Please give the whole listing again word for word, and drop any pictures it holds.

▸ **Dataset content**:
BEGIN

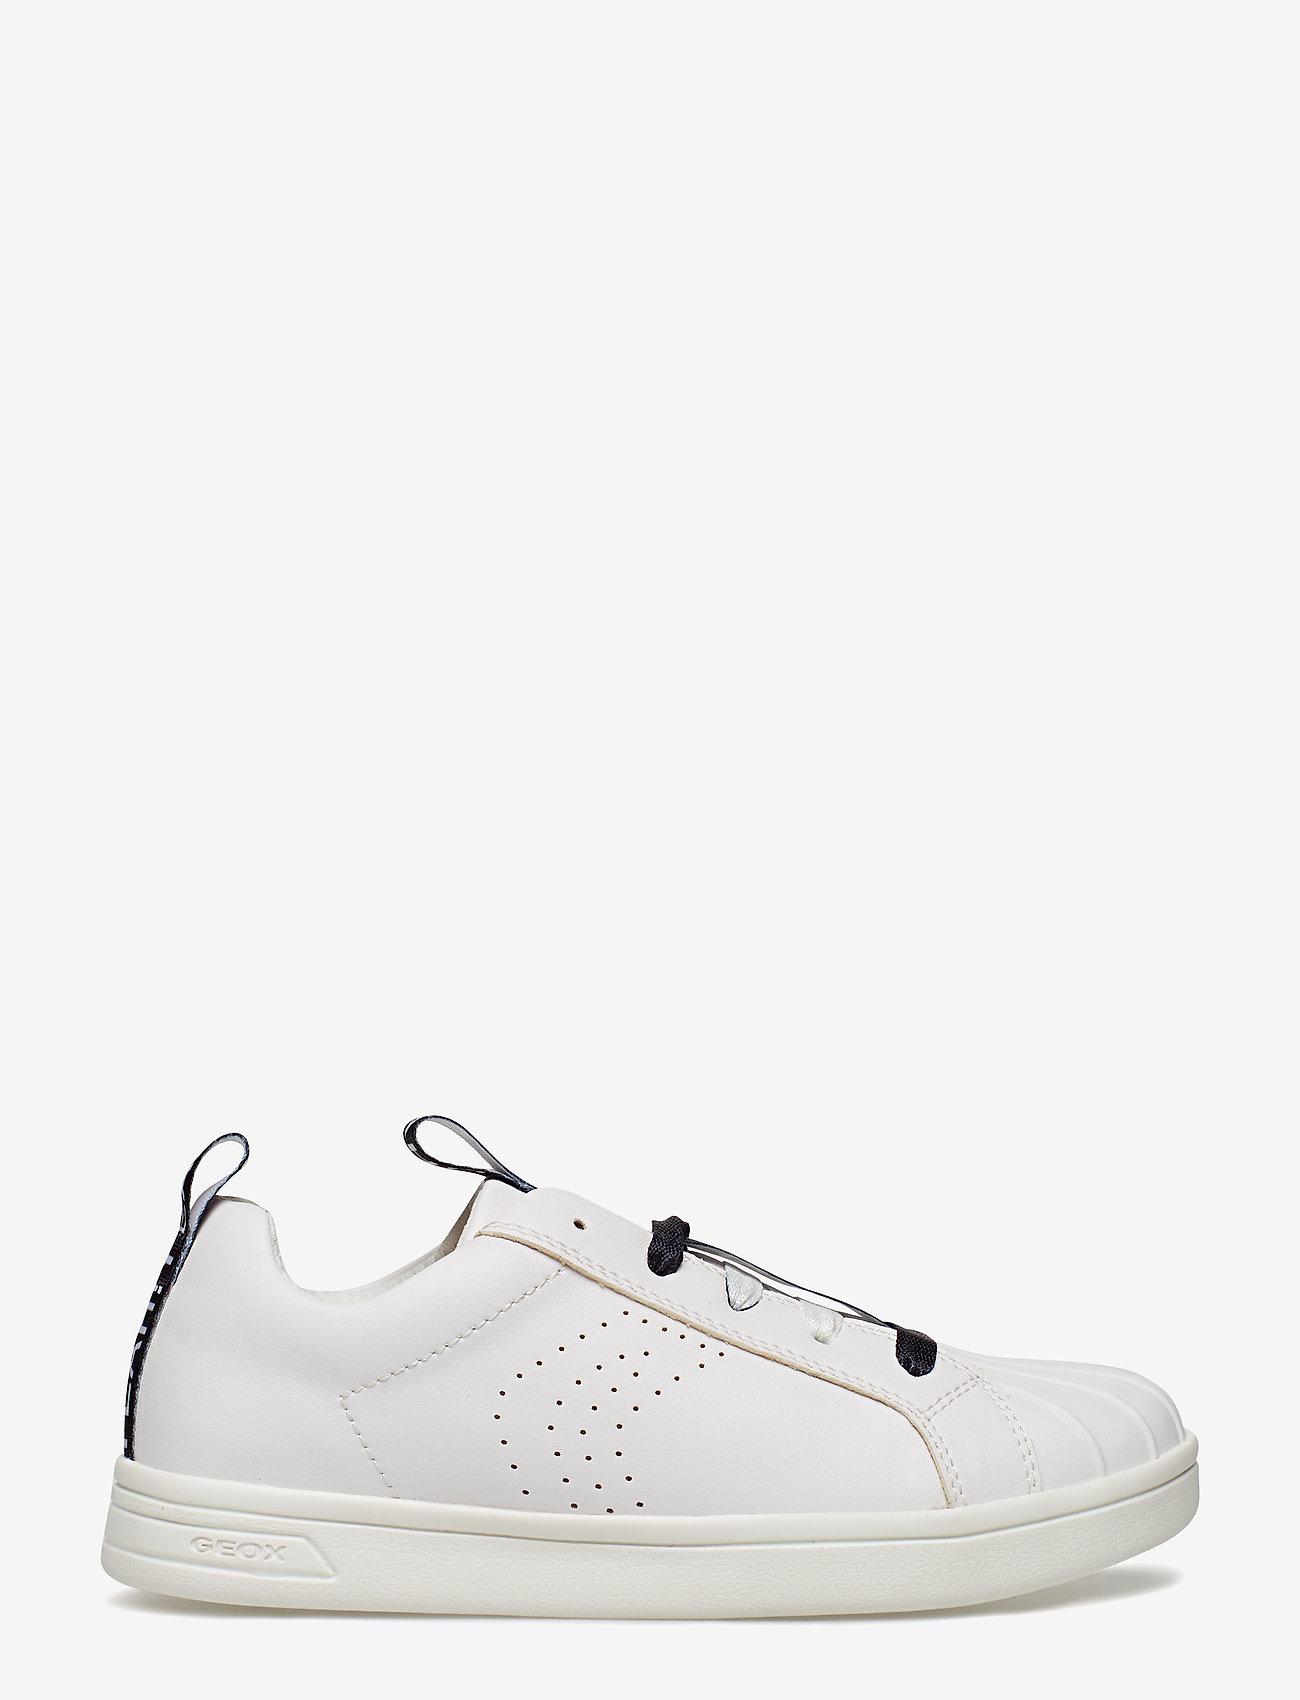 GEOX - J DJROCK GIRL - baskets - white
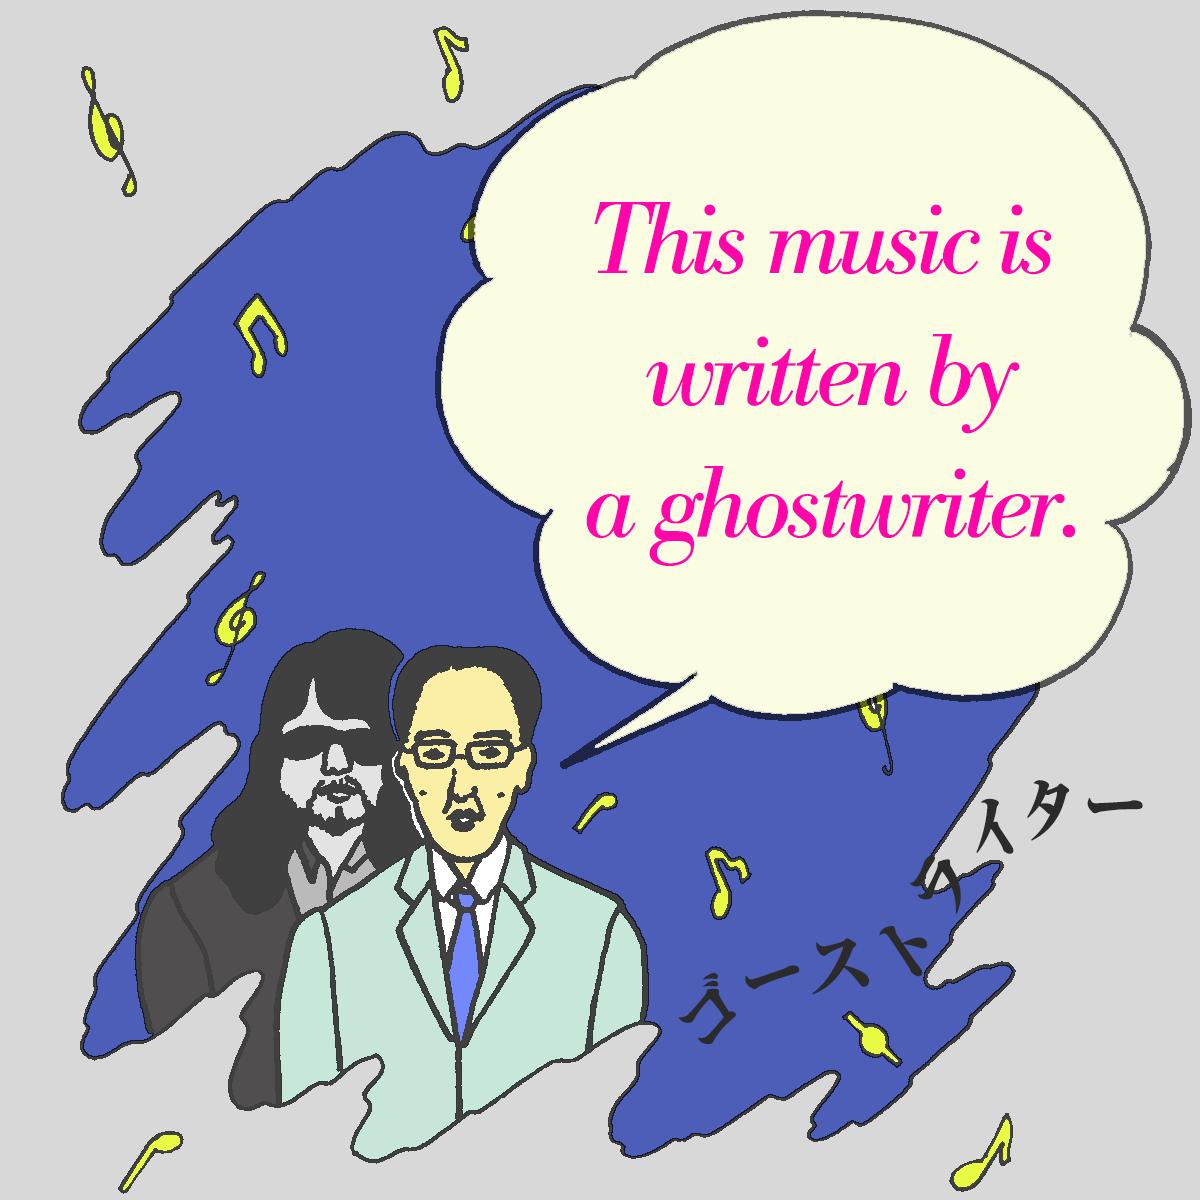 「ゴーストライター」から学ぶ<br>This music is written by a ghost writer.
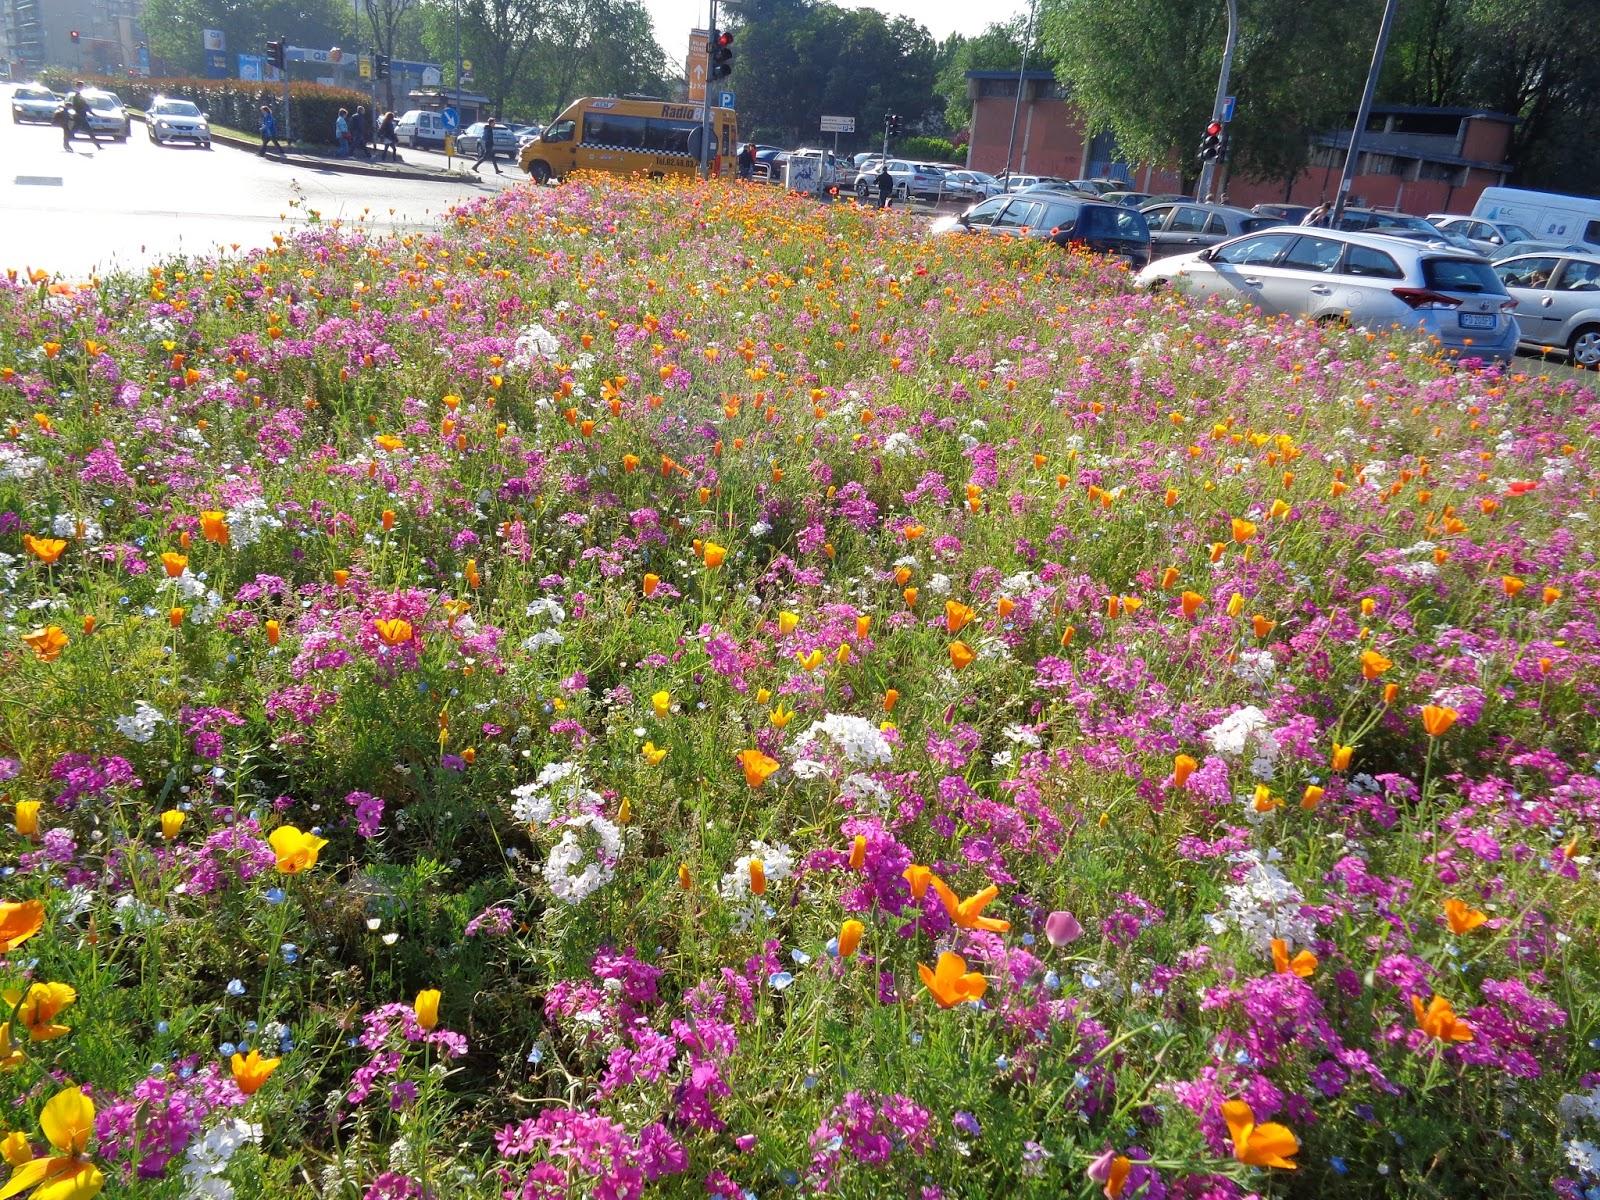 Foto diario di una giardiniera curiosa fuori orticola for Immagini giardiniere
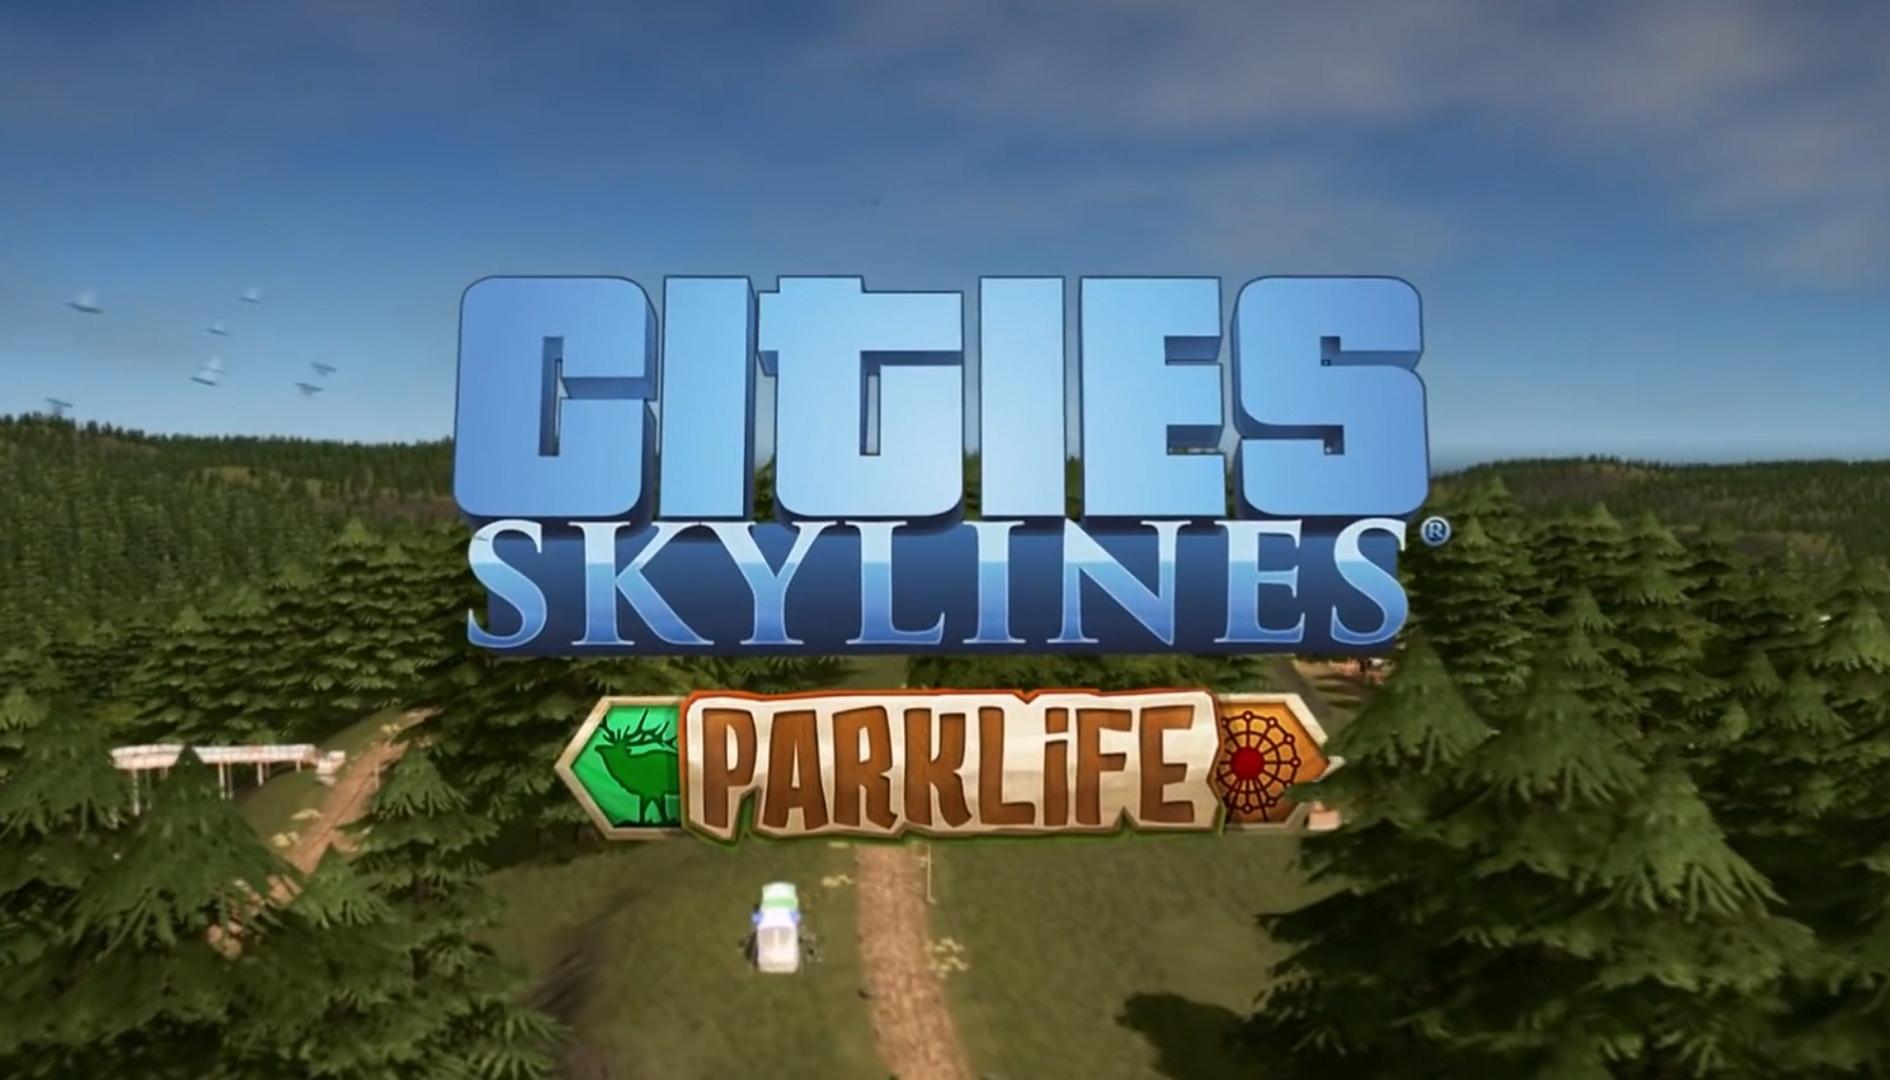 Giochi gratis PC: Cities Skylines Parklife è disponibile gratuitamente

END

▸ **Expected answer**:
 GEOX - J DJROCK GIRL - baskets - white
 「ゴーストライター」から学ぶ<br>This music is written by a ghost writer.
 Foto diario di una giardiniera curiosa fuori orticola for Immagini giardiniere
 Giochi gratis PC: Cities Skylines Parklife è disponibile gratuitamente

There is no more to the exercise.